(Extracted data entries)
☆ ☆ ☆ ☆
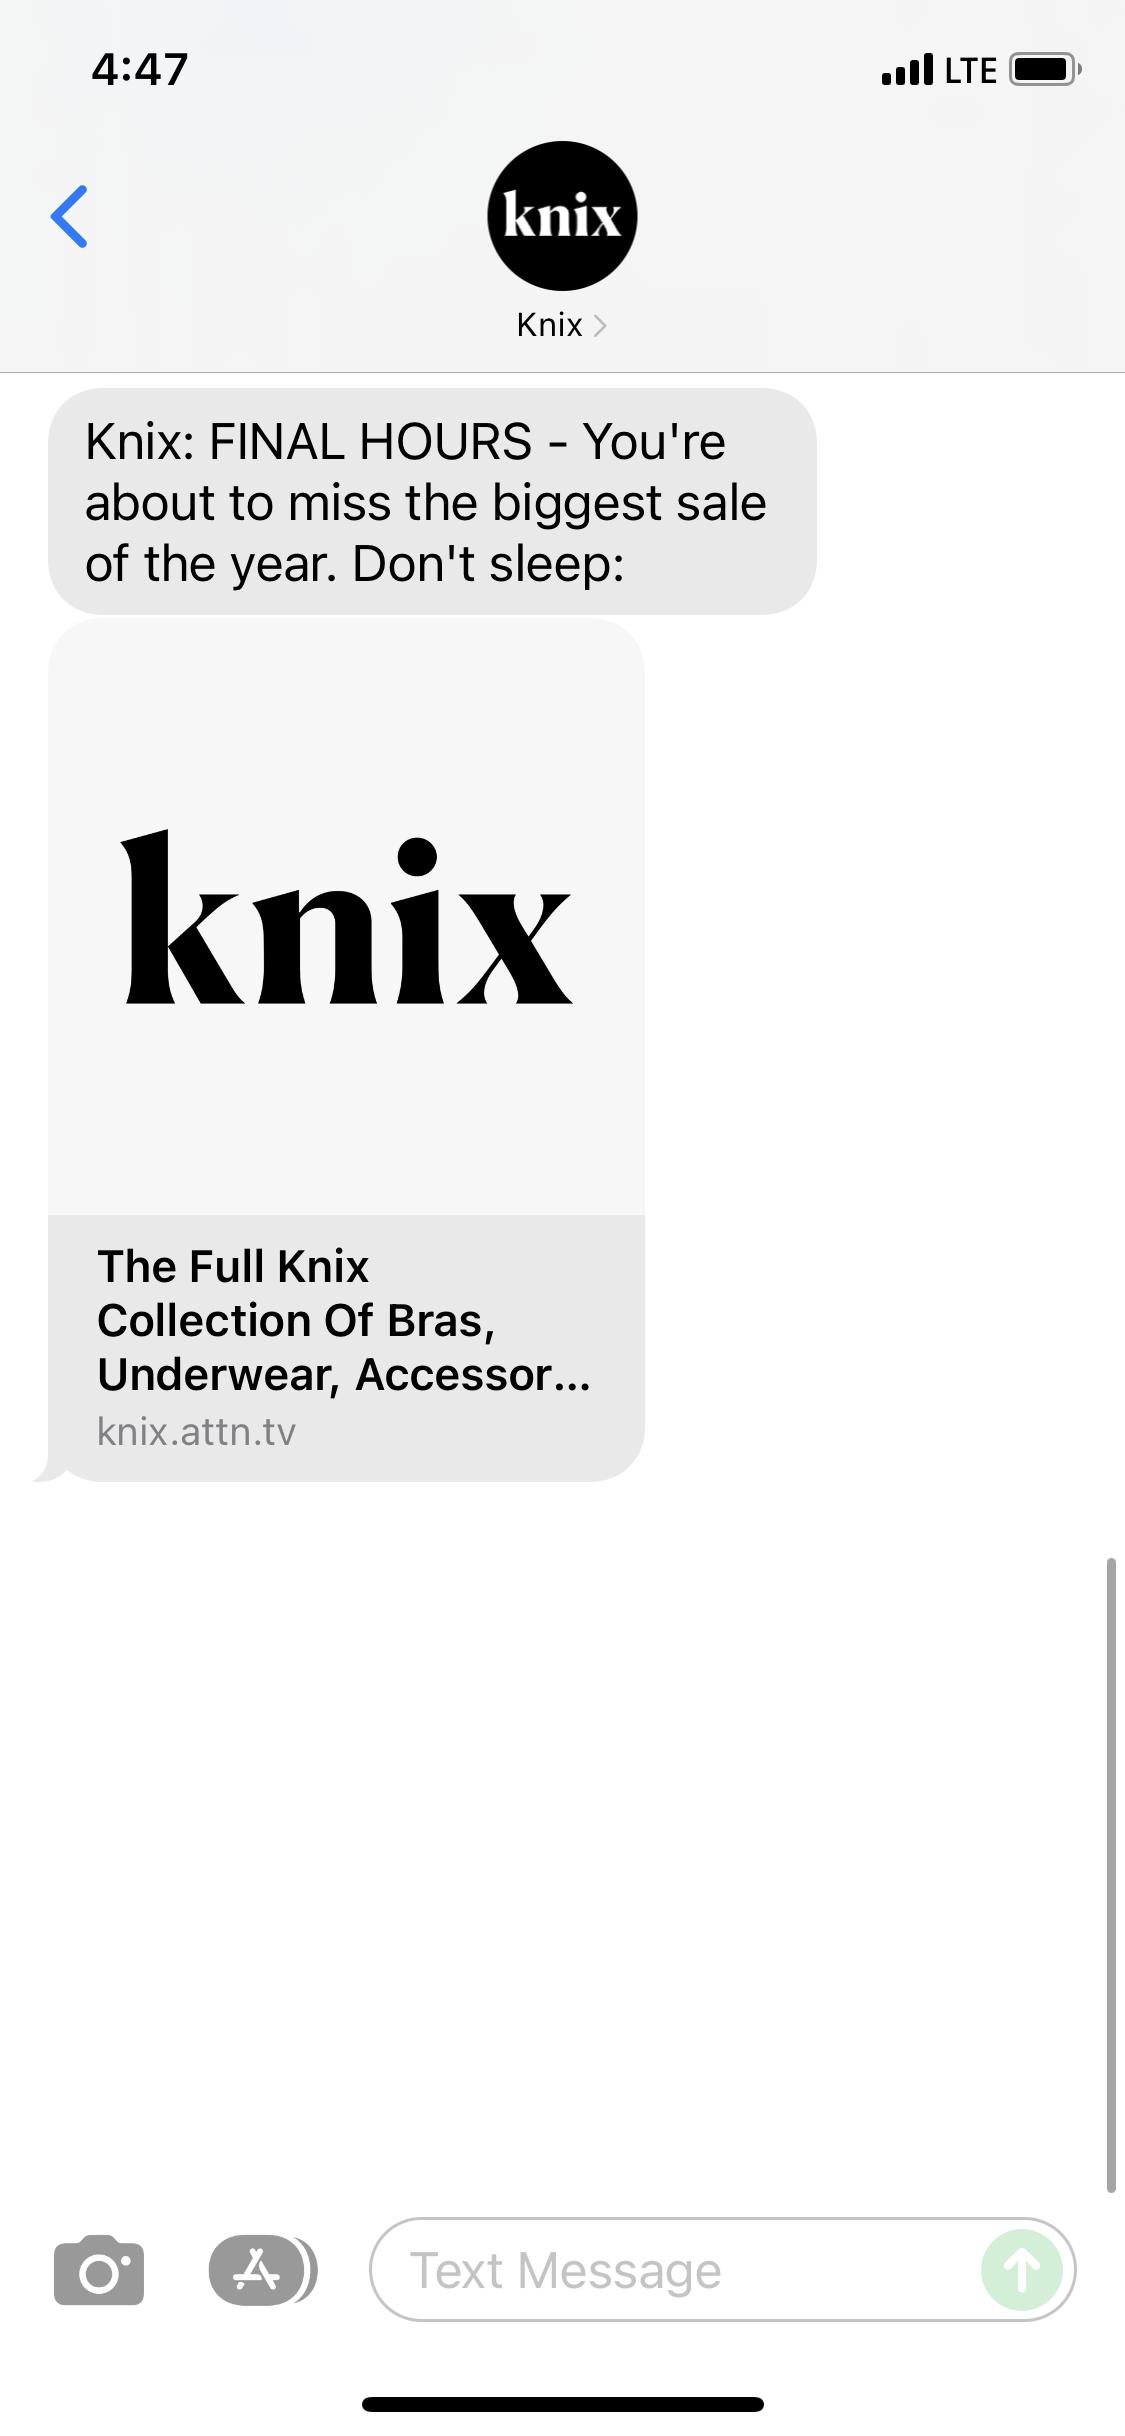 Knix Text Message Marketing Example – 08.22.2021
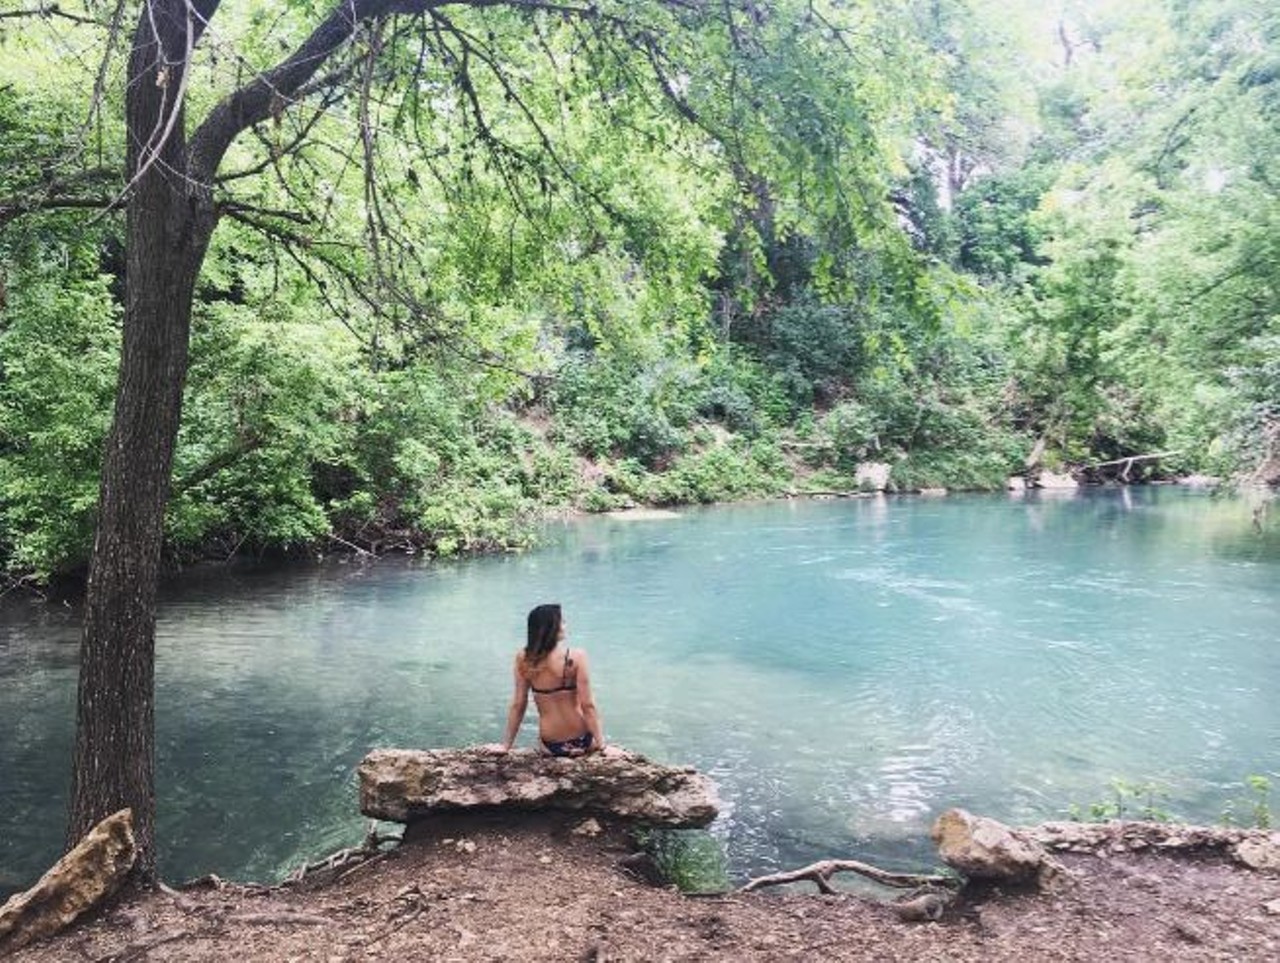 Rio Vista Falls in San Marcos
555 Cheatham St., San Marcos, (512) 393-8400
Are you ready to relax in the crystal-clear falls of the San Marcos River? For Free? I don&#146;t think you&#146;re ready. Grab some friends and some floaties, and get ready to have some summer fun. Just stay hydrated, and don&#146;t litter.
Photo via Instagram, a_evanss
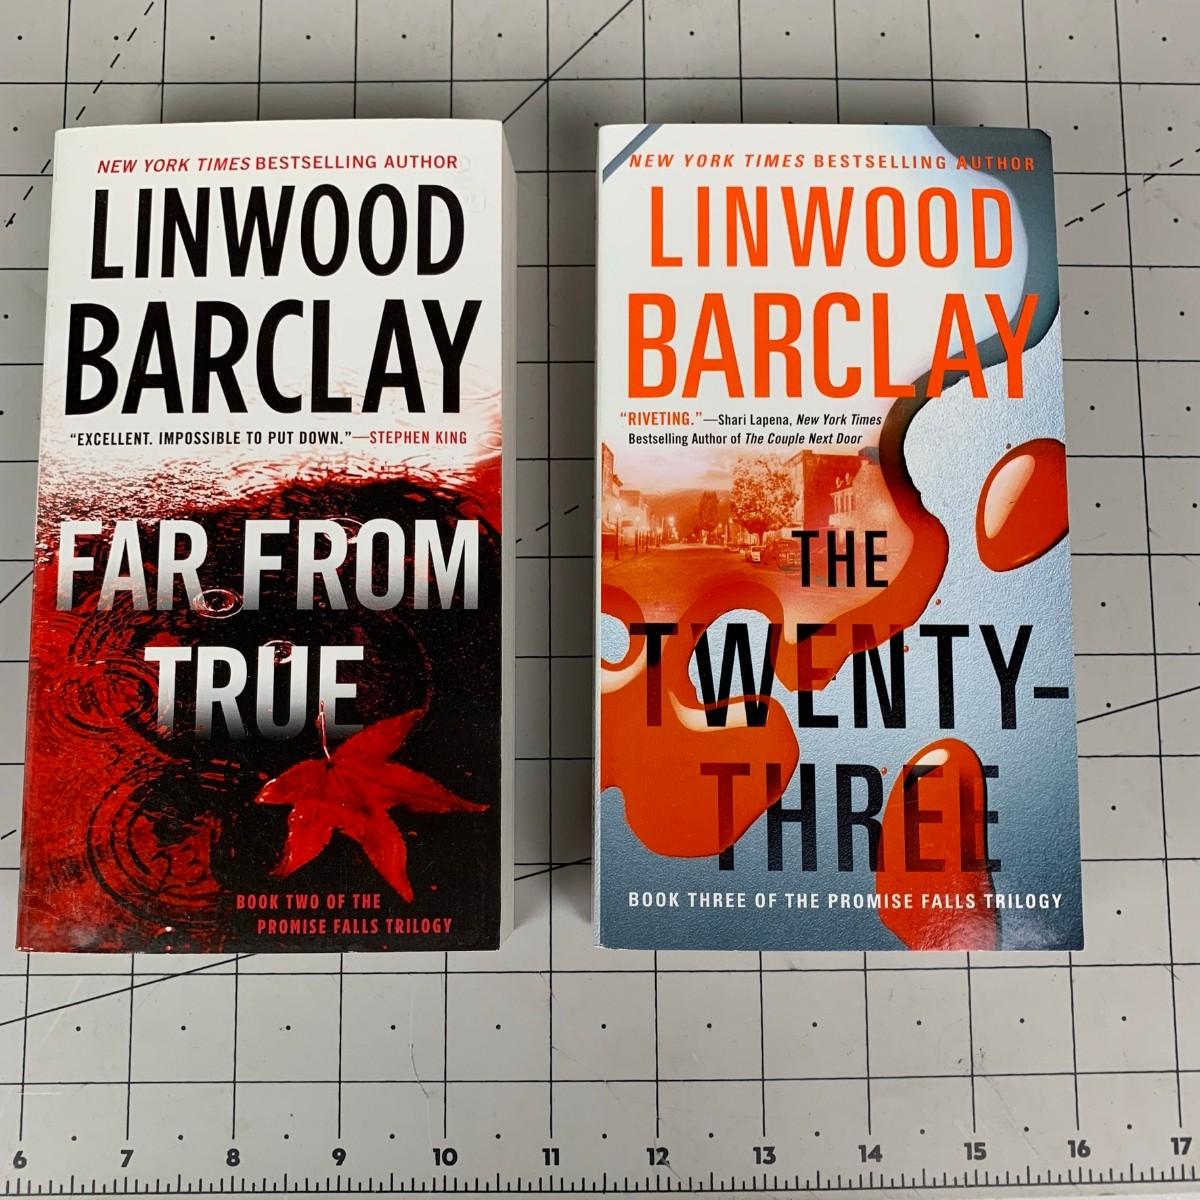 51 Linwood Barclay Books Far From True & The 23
☆ ☆ ☆ ☆
## Action item
Word for word, retype the lines from the one that contains "Rio Vista Falls in San Marcos" through the final line of the data, both ends included, excluding pictures.

## Written response
 Rio Vista Falls in San Marcos
555 Cheatham St., San Marcos, (512) 393-8400
Are you ready to relax in the crystal-clear falls of the San Marcos River? For Free? I don&#146;t think you&#146;re ready. Grab some friends and some floaties, and get ready to have some summer fun. Just stay hydrated, and don&#146;t litter.
Photo via Instagram, a_evanss
 51 Linwood Barclay Books Far From True & The 23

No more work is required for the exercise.